We have an Icinga check that looks at the rate of MediaWiki fatals and exceptions in Graphite and alarms whenever a threshold is passed.

I found out today that the alarm on IRC seems to have kick of 30 minutes after the spike seen in logstash. From the IRC logs at http://bots.wmflabs.org/~wm-bot/logs/%23wikimedia-operations/20160728.txt

[12:46:28] <icinga-wm>	 PROBLEM - MediaWiki exceptions and fatals per minute on graphite1001 is CRITICAL: CRITICAL: 20.00% of data above the critical threshold [50.0]
[12:50:18] <icinga-wm>	 RECOVERY - MediaWiki exceptions and fatals per minute on graphite1001 is OK: OK: Less than 1.00% above the threshold [25.0]

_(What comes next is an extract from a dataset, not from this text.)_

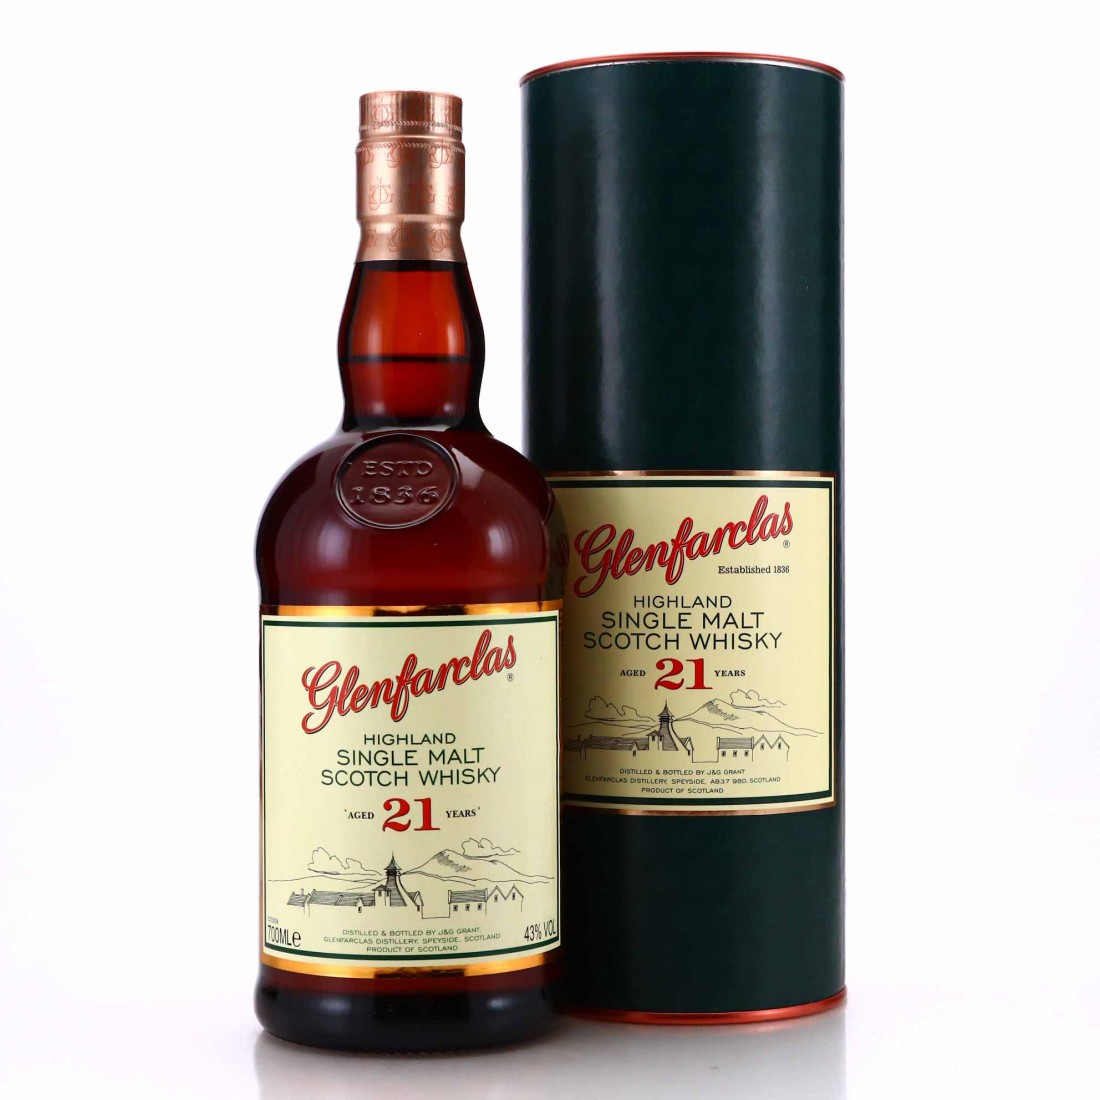 Glenfarclas 21 Years Highland Single Malt Scotch Whisky – Speyside, Scotland
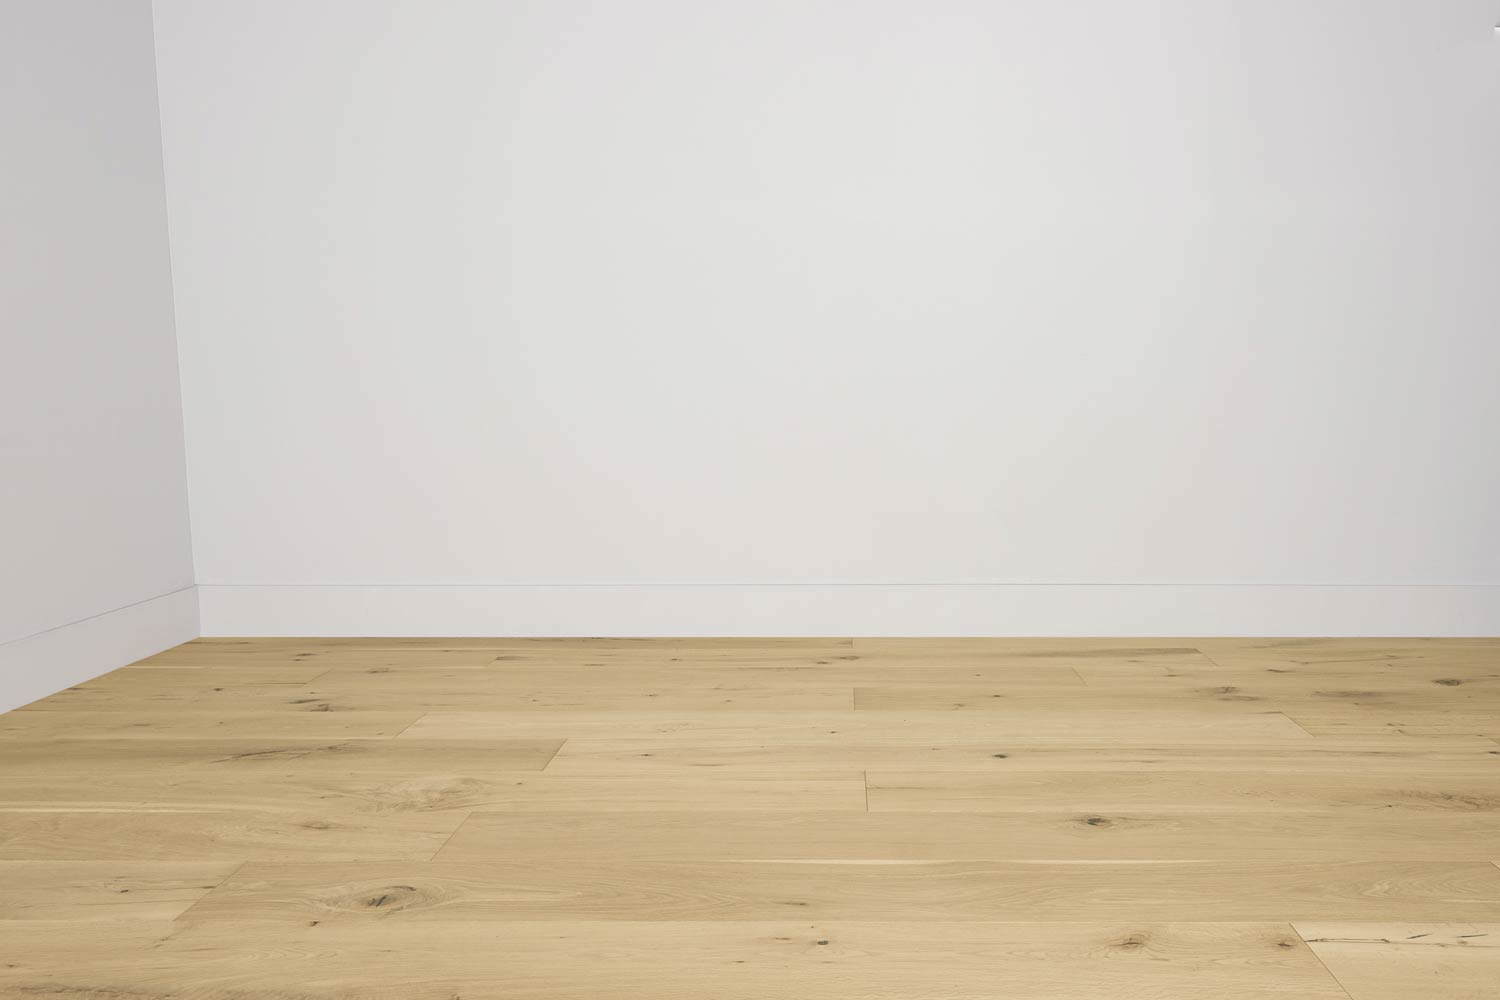 Campania 7-1/2″ Wide – White Oak Engineered Hardwood Flooring

[12:58:18] <icinga-wm>	 PROBLEM - MediaWiki exceptions and fatals per minute on graphite1001 is CRITICAL: CRITICAL: 60.00% of data above the critical threshold [50.0]
[13:02:27] <icinga-wm>	 RECOVERY - MediaWiki exceptions and fatals per minute on graphite1001 is OK: OK: Less than 1.00% above the threshold [25.0]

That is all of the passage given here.